One of the most abundantly oxidized vascular proteins of relevance in hypertension is actin, critically involved in cytsoskeletal organization and cell contraction (234,235). Exposure of VSMC to H2O2 causes cytsoskeletal rearrangement, F-actin fragmentation, impaired polymerization and phenotypic changes, processes causing vascular dysfunction and arterial remodeling in hypertension (271). In conditions associated with severe oxidative stress, such as end stage heart failure and hypertension-associated target organ damage, carbonylation (irreversible form of Ox-PTM) of actin was associated with loss of cell viability and contractile dysfunction (271).

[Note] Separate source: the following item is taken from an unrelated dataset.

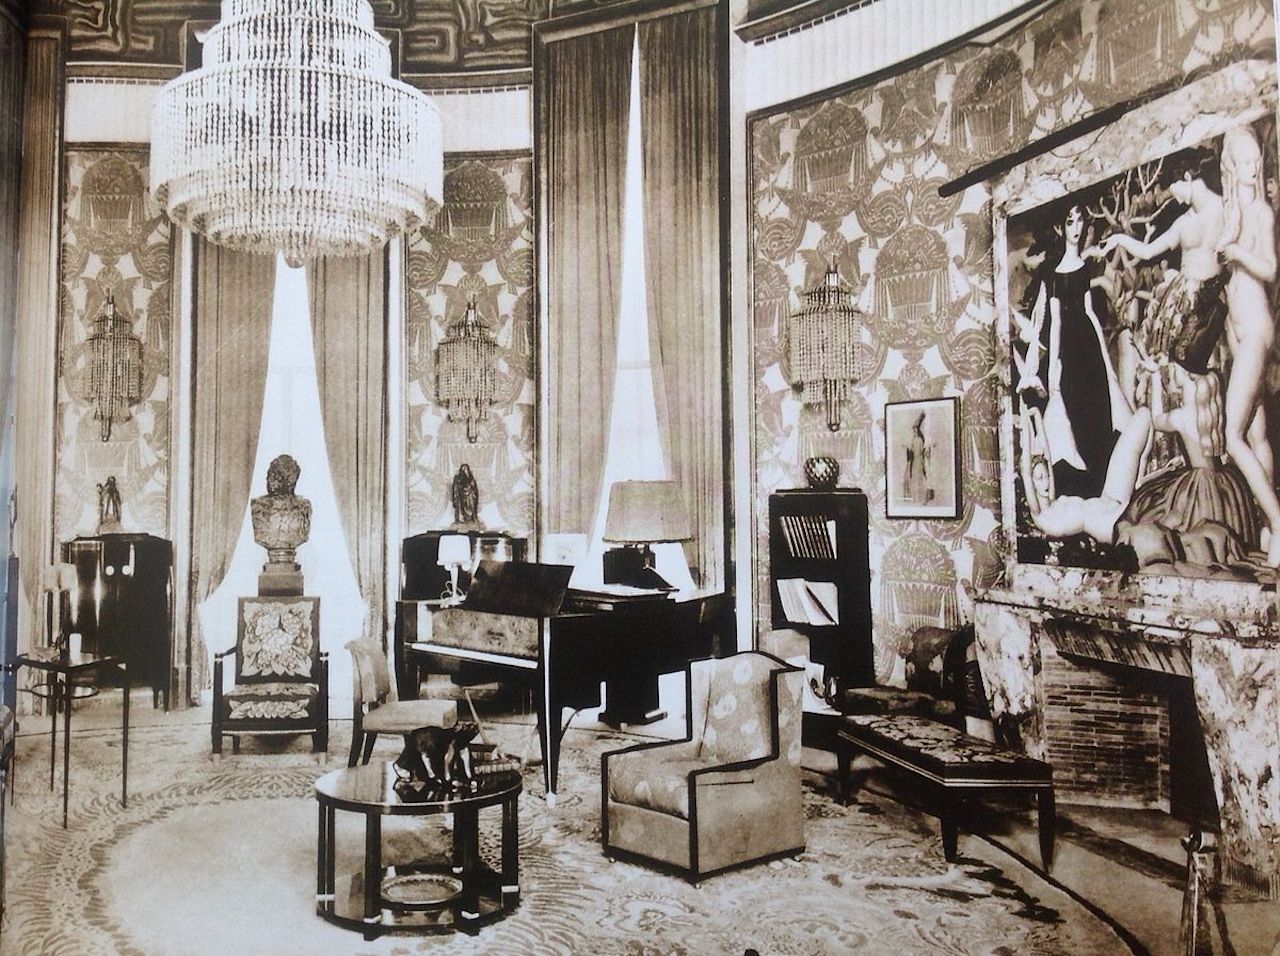 art deco bedroom ideas inspiration history origins Salon of the Hotel du Collectionneur from the 1925 International Exposition of Decorative Arts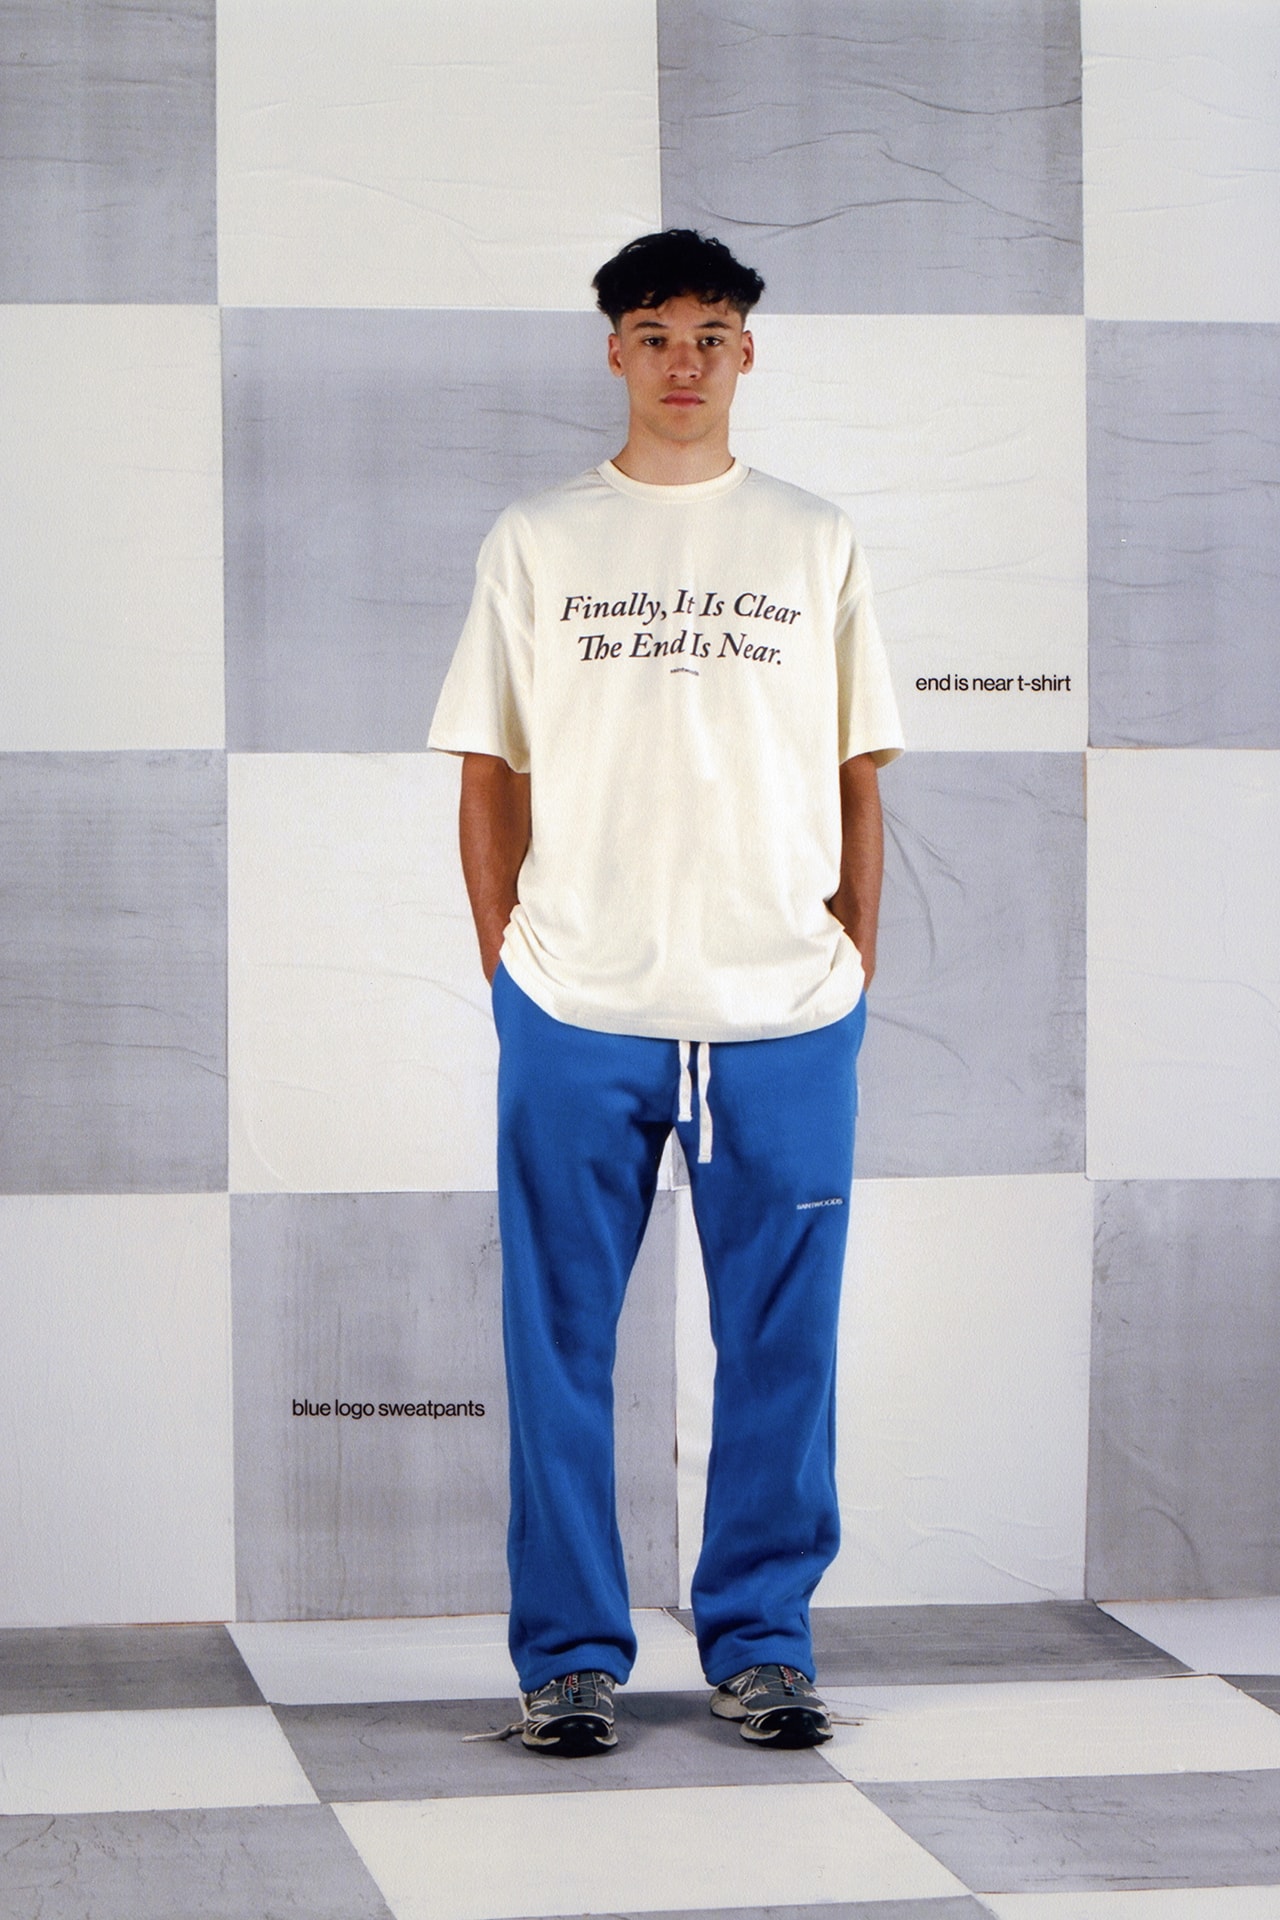 Saintwoods SW.013 SW013 Collection Lookbook Pop-Up Shop Montreal Canada Streetwear Brand Blue Sweat Pants T-Shirt Finally It Is Clear The End Is Near

S-nitrosothiols in the cardiovascular system regulate multiple processes that are mainly protective, including NOS activity and vasodilation, cardiomyocyte Ca2+ homeostasis and myocardial contraction, ATP production and mitochondrial bioenergetics and inhibition of platelet aggregation and hemostasis. In hypertension S-nitrosylation of various proteins has been implicated in vascular dysfunction (272). For example, S-nitrosylation of eNOS (Cys101) promotes eNOS uncoupling and ROS production, while S-Nitrosylation of cyclooxygenase-2 (COX-2), Ca2+ channels and angiotensinogen (Cys18, Cys138) influence vascular tone (273). In heart failure, Cys294 S-nitrosylation and S-glutathionylation of ATP synthase are negatively correlated with ATP hydrolysis, indicating that Ox-PTMs cause inactivation of enzymatic activity and reduced ATP production and myocardial injury (274).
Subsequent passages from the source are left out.